Firefighters brought a complaint for working time detriment against their employers, the South Yorkshire Fire and Rescue Service, following the introduction of a new shift system, which involved a breach of the Working Time Regulations in relation to night work and daily rest. The firefighters refused to volunteer for the new shifts and were transferred to other fire stations. They brought proceedings in the ET, claiming that the detriments they had suffered as a result of the move included increased journey times, loss of free time, and interference with care obligations. In addition to financial losses, the firefighters claimed compensation for injury to feelings.
The EAT upheld the ET decision that damages and injury to feelings compensation were recoverable. As to the latter, it concluded that a complaint of working time detriment was akin to claims of discrimination or victimisation, and in either of those cases injury to feelings was potentially recoverable.
Employers are well aware of the possibility that injury to feelings awards may be made against them in discrimination claims; but the EAT has expanded that opportunity to those who have been subject to a working time detriment. Whilst any decision to award non-pecuniary losses will turn on the case's own facts, this decision creates an added risk factor for employers who are looking to make changes to working time arrangements for its employees.
Non-renewal of fixed term contract must be fair
Royal Surrey County NHS Foundation Trust v Drzymala (Employment Appeal Tribunal)

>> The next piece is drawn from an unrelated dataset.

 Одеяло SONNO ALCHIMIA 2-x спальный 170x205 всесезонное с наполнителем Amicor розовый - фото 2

The EAT has confirmed that an employer’s compliance with the requirements of the Fixed Term Employees Regulations when not renewing a fixed term employee's contract does not create an automatic defence against an unfair dismissal claim.

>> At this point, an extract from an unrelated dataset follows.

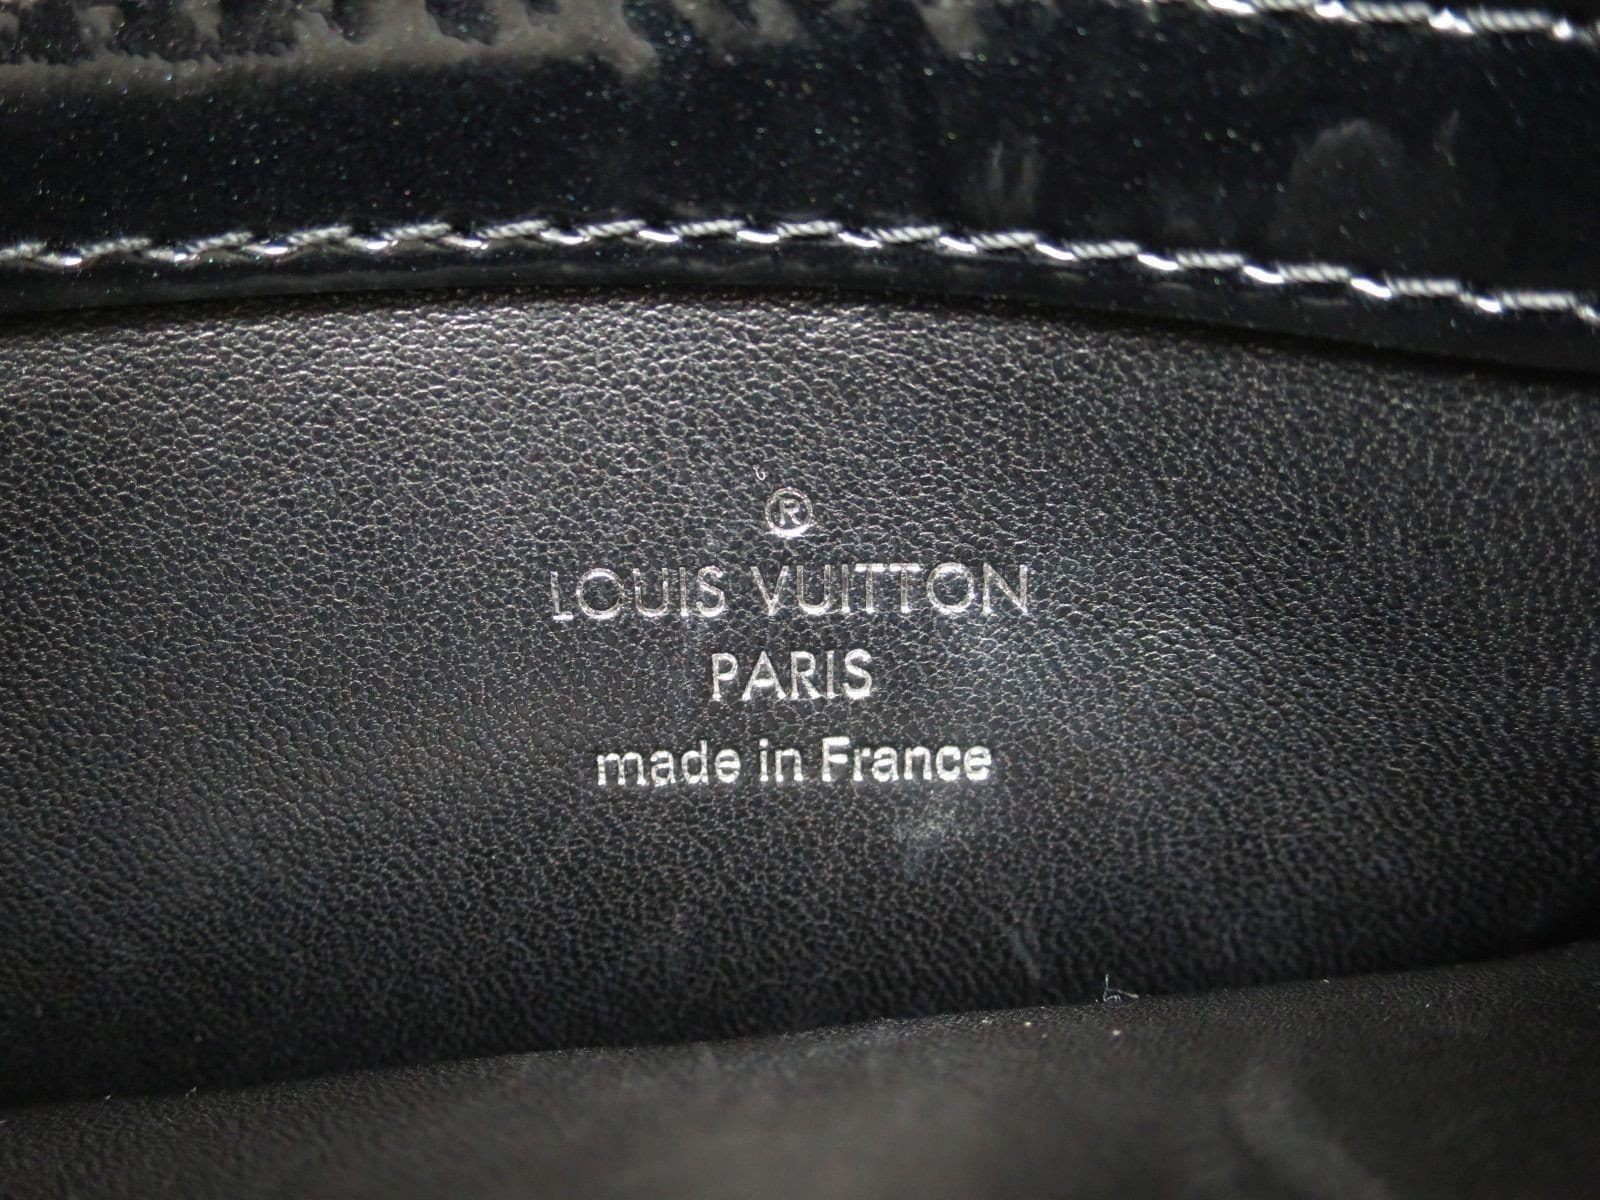 Louis Vuitton Black Lockit Cord Bracelet - The Purse Ladies

A doctor was employed on a series of fixed term contracts. Her last contract was not renewed because her employer decided to make a permanent appointment to the role she had been performing. She interviewed for the position but was unsuccessful after a competitive recruitment process. Her employer mentioned an alternative role in a lower-ranking post but did not discuss it further with her. The doctor was given three months' notice in writing of the end of her fixed term contract, without mention of a right of appeal or the possibility of alternative employment. She raised a grievance and requested an appeal against the termination of her employment. Her employer acknowledged that it should have offered a right of appeal against the non-renewal of her contract, but did not think that it would have changed the outcome.
The doctor brought a successful claim for unfair dismissal in the ET. Her employer appealed, arguing that informing her of vacancies as required by the Fixed Term Employees Regulations satisfied the requirements of fairness, or at least provided evidence in support of it having acted fairly.
The EAT dismissed the appeal and concluded that compliance with the Fixed Term Employee Regulations does not of itself create a defence to an unfair dismissal claim. Whether an employee is treated fairly is a question of fact. Usually, when an employer decides not to renew a fixed term contract it can rely on "some other substantial reason" (SOSR) as the potentially fair reason for dismissal. In these circumstances however, the Tribunal was entitled to find that the dismissal was unfair due to the employer’s failure to expand upon its initial discussion with the doctor regarding alternative roles, and not providing a right of appeal against the non-renewal of her contract.
Whilst there is no universal obligation to offer alternative employment for an employee on a fixed-term contract, the employer had chosen to engage in such discussions in this case, and therefore it was unfair that it later decided not to pursue that option with her.